Task to carry out: Instruction for the entries below: return the part that opens with the line containing "OEM-TSH91带参数.jpg" and closes with the line containing "Шоколад Коммунарка, молочный, с", exactly, and no pictures.

Supplied records:
####################
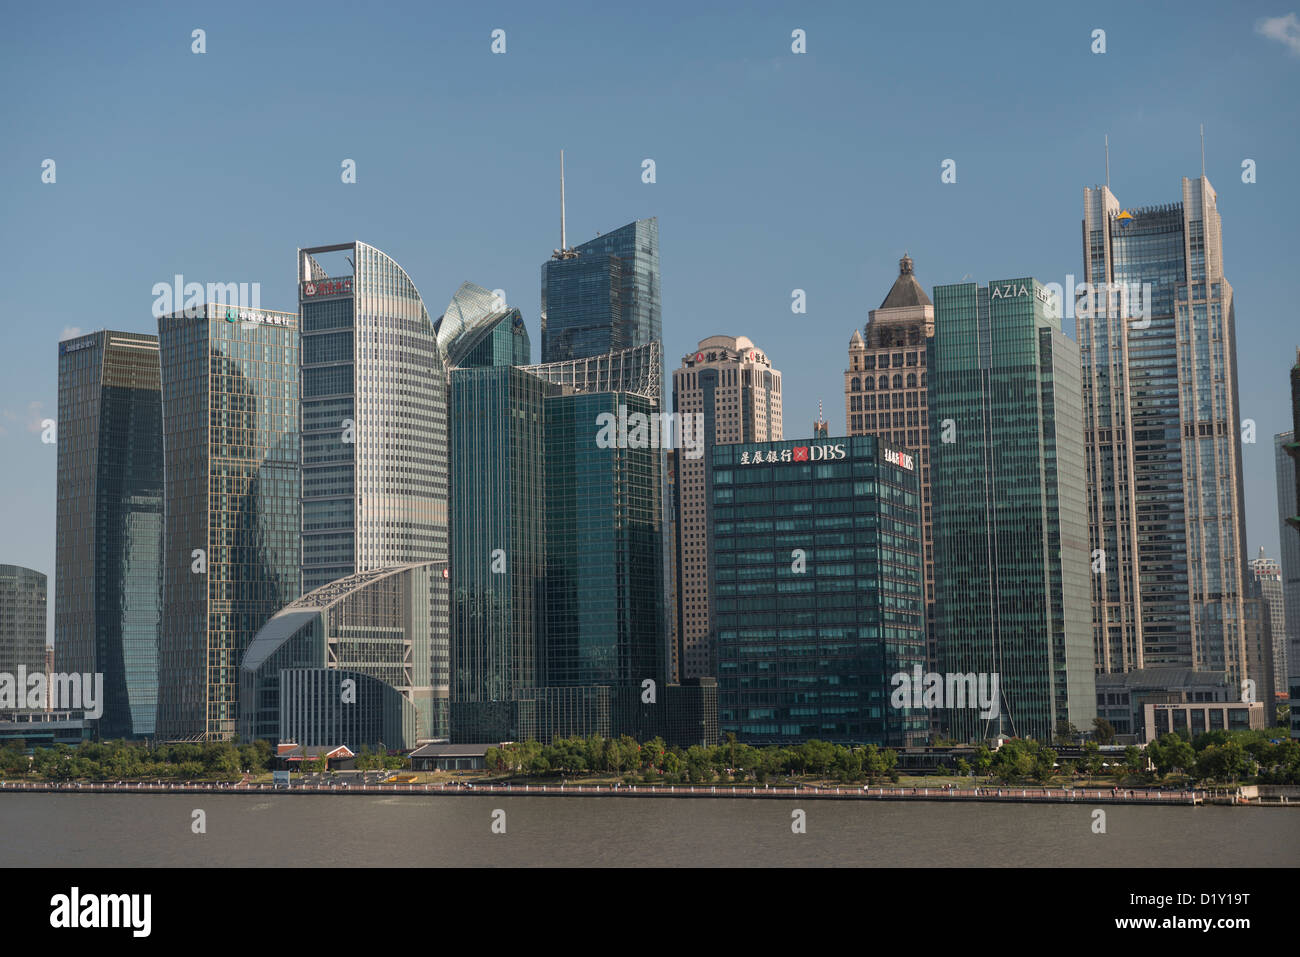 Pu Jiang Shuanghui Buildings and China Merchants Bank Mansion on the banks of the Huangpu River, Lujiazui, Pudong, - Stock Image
####################
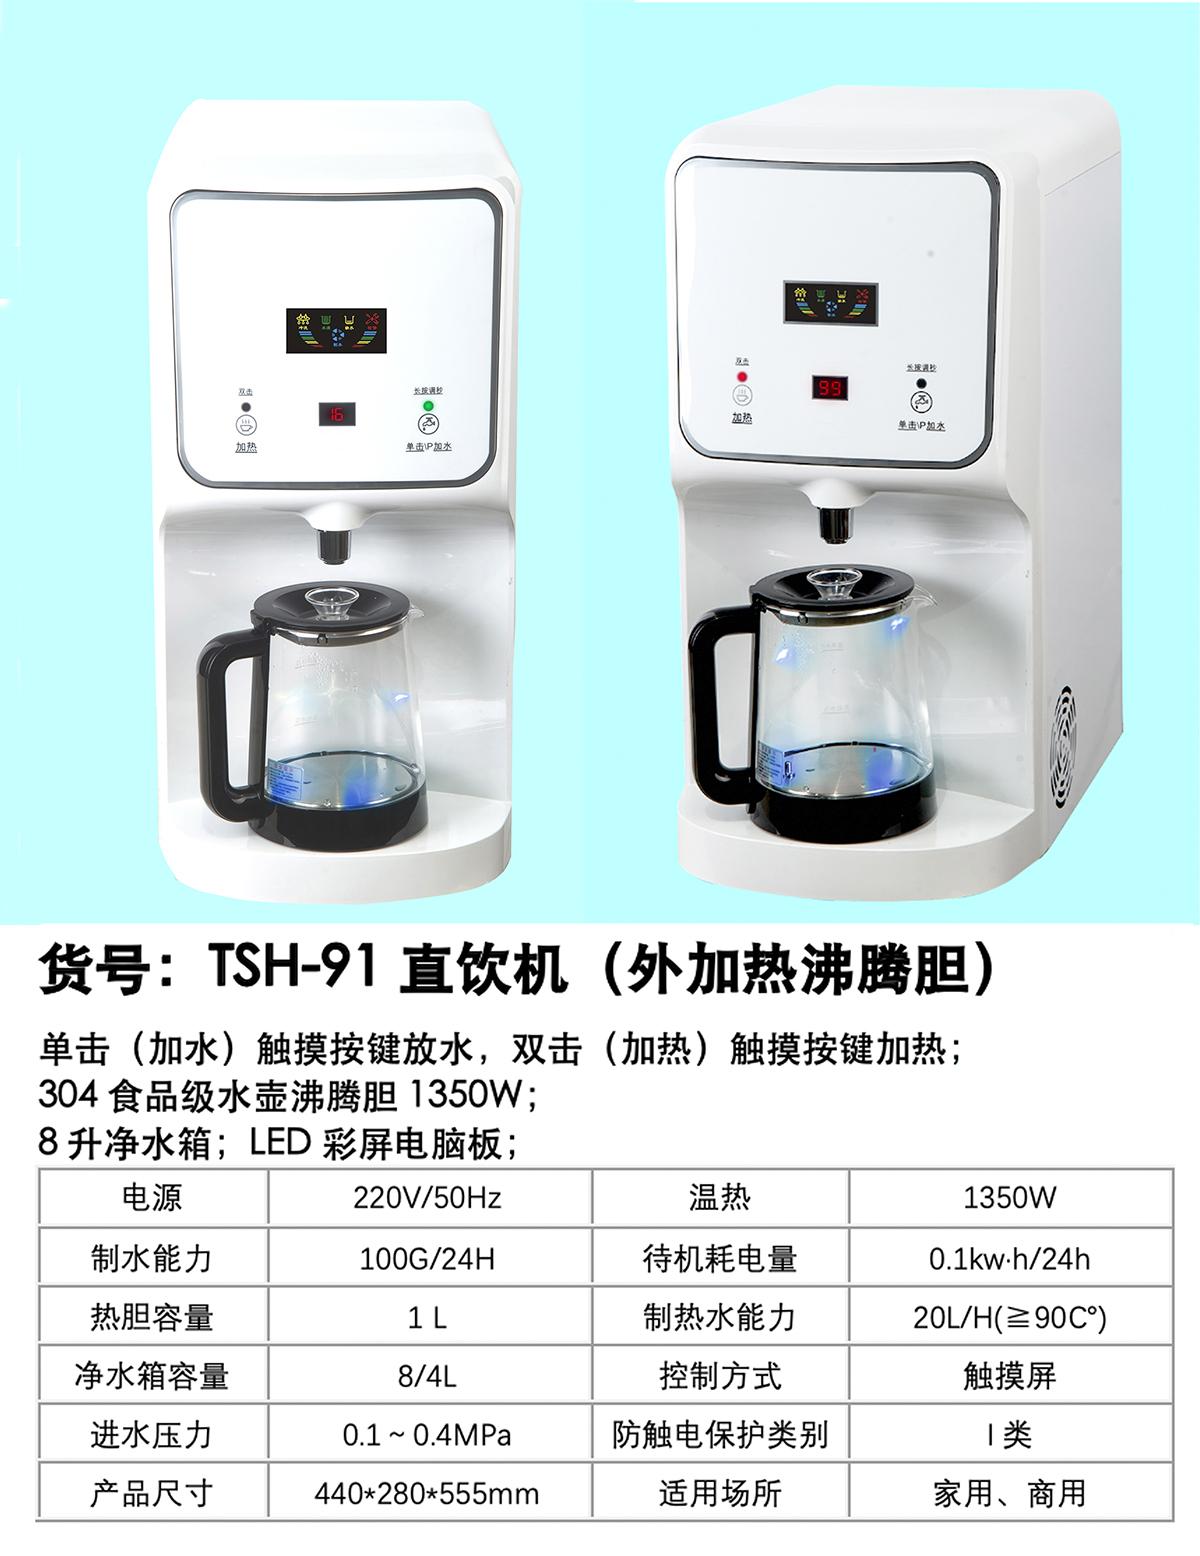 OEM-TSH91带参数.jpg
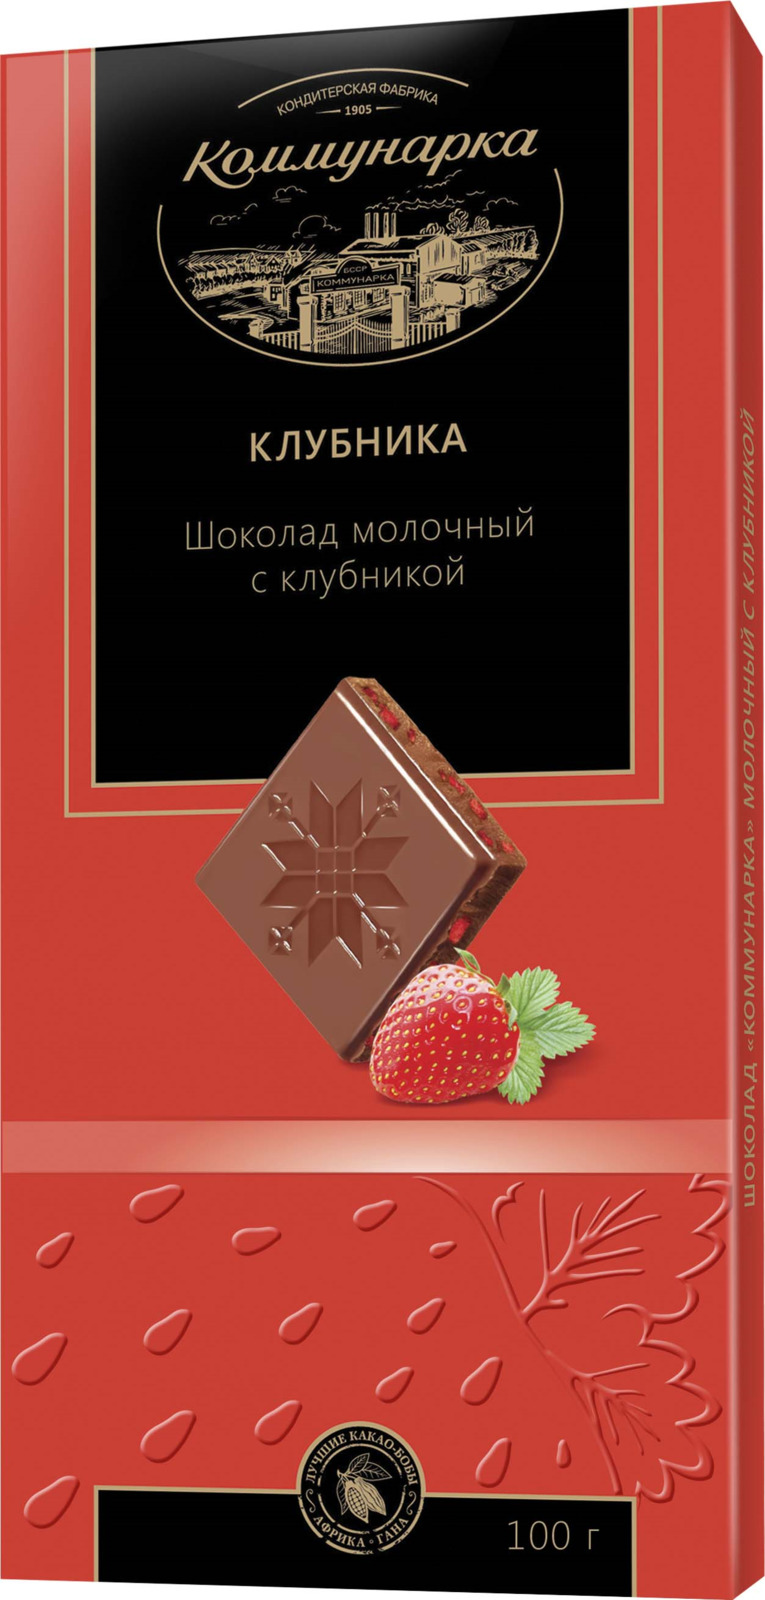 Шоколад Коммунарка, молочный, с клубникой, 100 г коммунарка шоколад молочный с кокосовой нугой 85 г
####################
Reply to the task:
 OEM-TSH91带参数.jpg
 Шоколад Коммунарка, молочный, с клубникой, 100 г коммунарка шоколад молочный с кокосовой нугой 85 г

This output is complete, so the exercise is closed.